La reddition des comptes est une condition nécessaire pour le

contrôle des organismes publics. Comme le mentionne la

Fondation canadienne pour la Vérification intégrée (FCVI), « la

reddition des comptes s’entend de l’obligation de répondre de

l’exercice d’une responsabilité qui a été conférée. »

Dans de nombreux pays, le concept de responsabilité se limite au

système comptable ou évoque l’obligation d’établir des rapports.

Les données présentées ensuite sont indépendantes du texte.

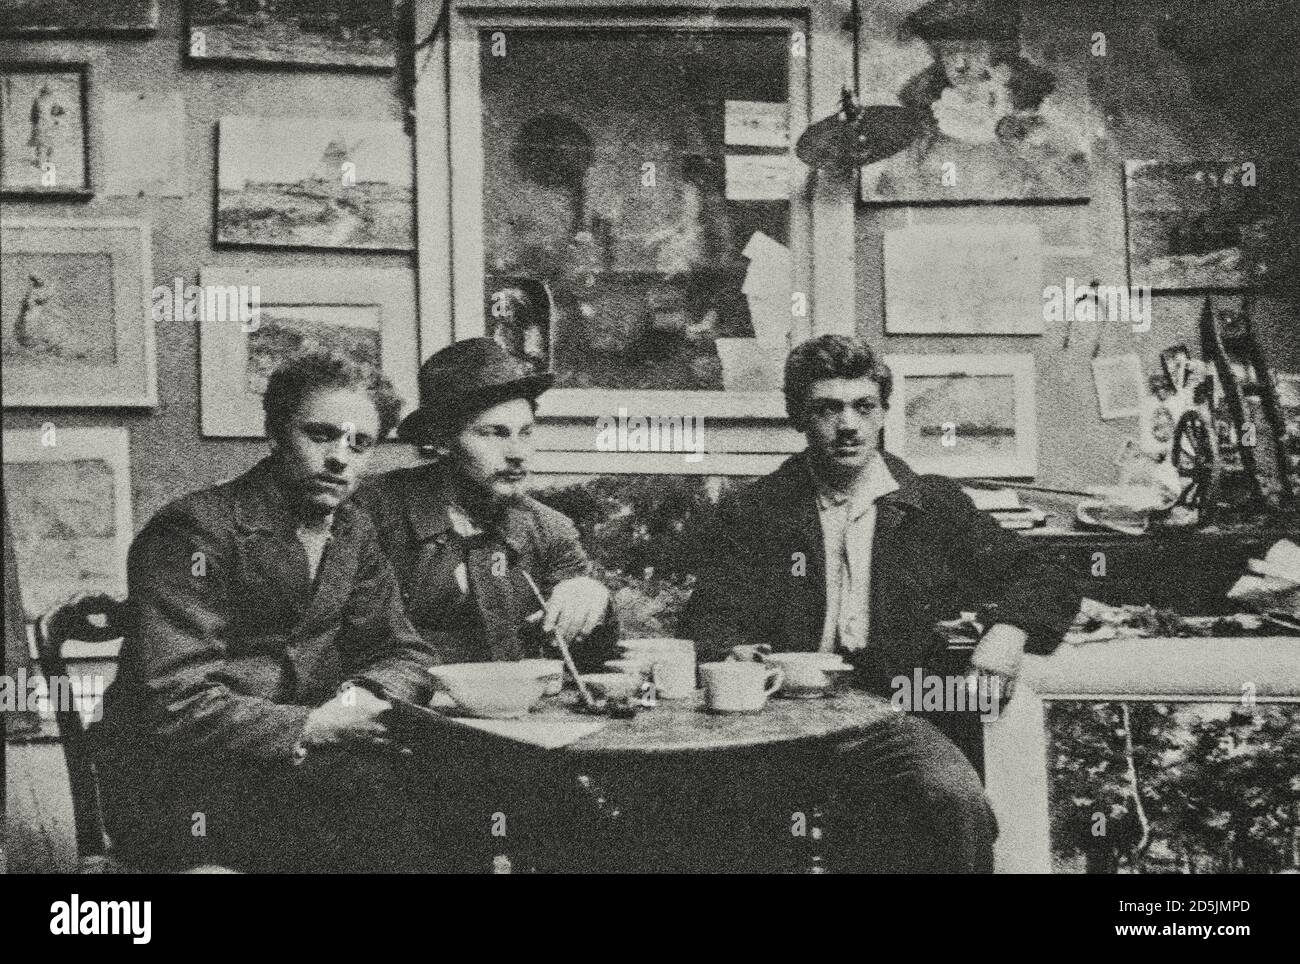 Retro-Foto von Raoul Dufy (links) und Othon Friesz (rechts) in ihrem Studio. 1900 Raoul Dufy (1877 – 1953) war ein französischer Fauvistmaler, Bruder von Jean Stockfoto
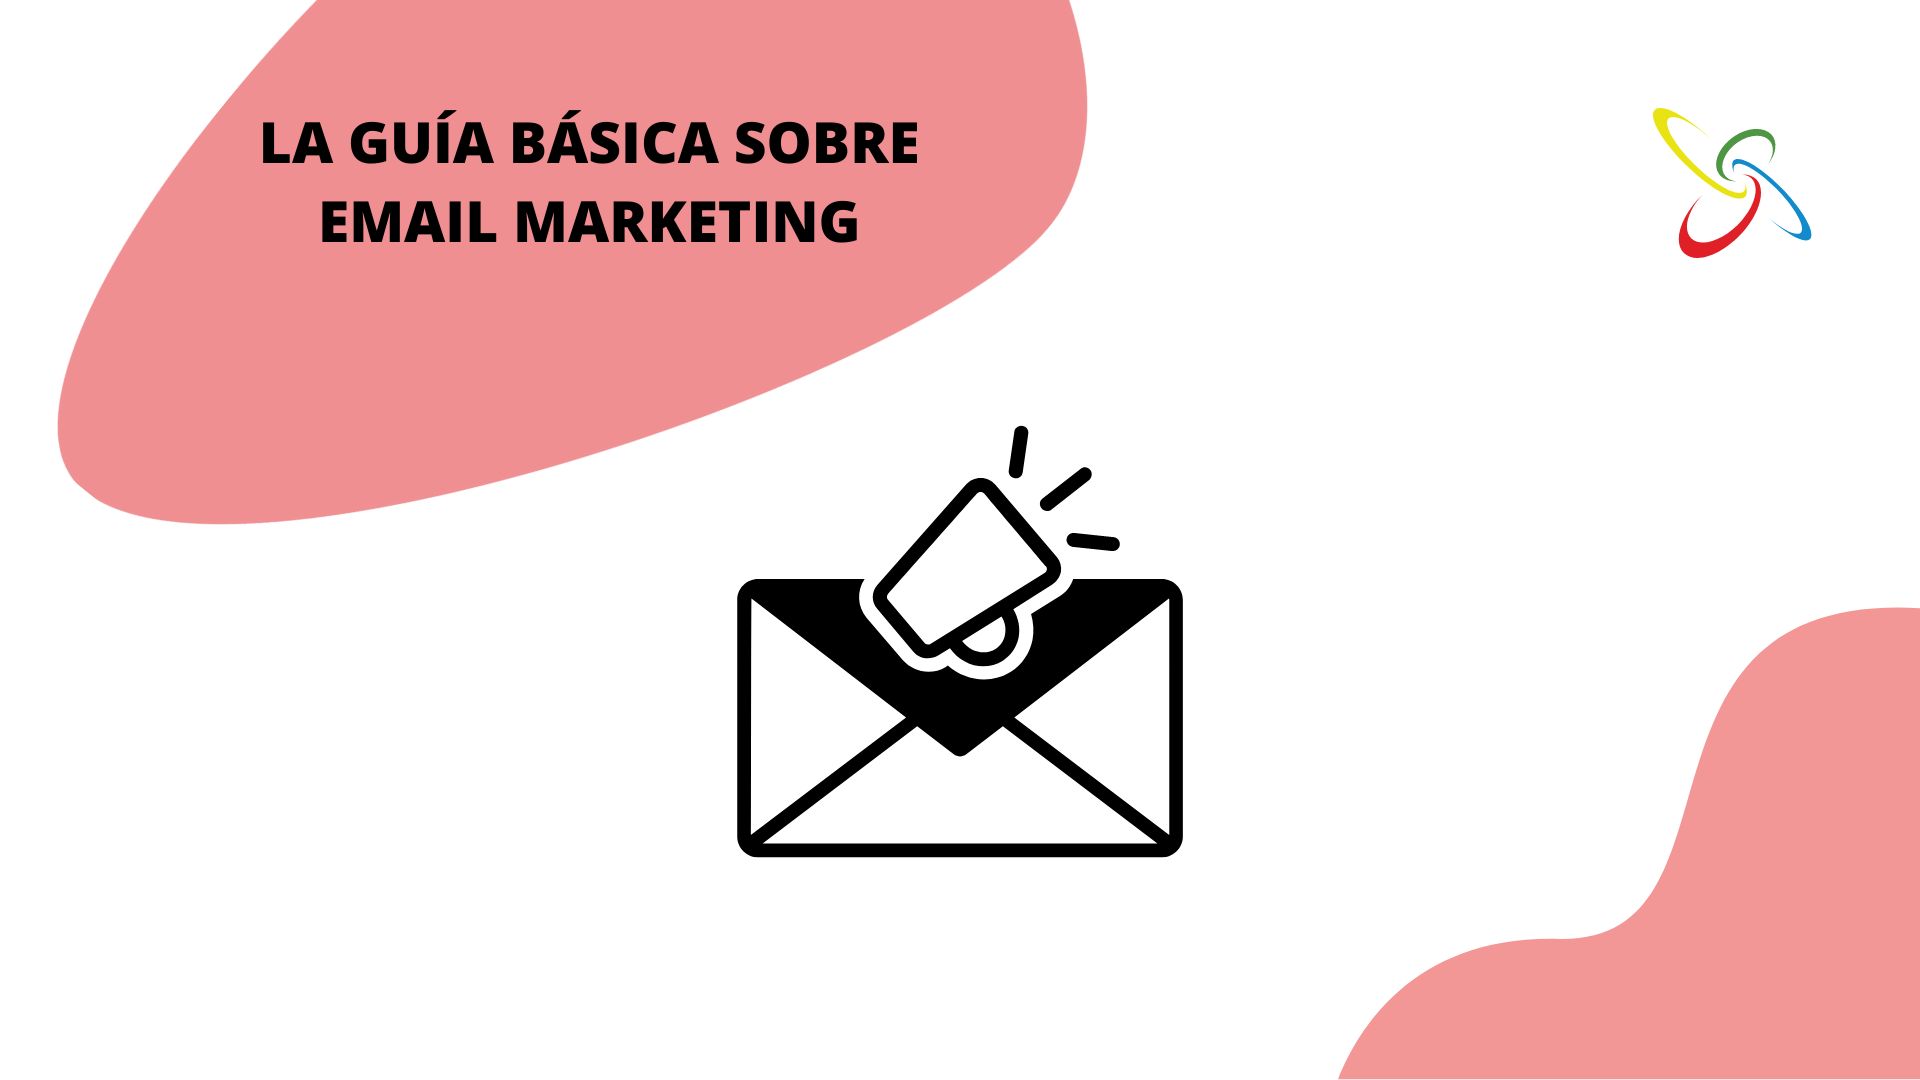 La guía básica sobre email marketing

Dans d’autres, le terme anglais « accountability » renvoie à des

notions plus générales : les modalités par lesquelles ceux qui sont

investis de l’autorité publique sont tenus de rendre compte de leurs

actes.

La responsabilité est l’obligation faite à des individus ou des

organisations, élus ou nommés, et détenant un mandat public, de

rendre compte aux populations qui les ont investis de ce pouvoir,

des actions menées et des décisions prises dans l’exercice de ce

mandat.

Les ressources publiques étant la propriété des citoyens d’un pays,

leur utilisation par des personnes désignées doit faire l’objet d’un

compte rendu aux citoyens. C’est le fondement de la reddition des

comptes, objet de l’article 15 de la Déclaration des Droits de

l'homme et du citoyen du 26 août 1789: « La Société a le droit de

demander compte à tout Agent public de son administration. »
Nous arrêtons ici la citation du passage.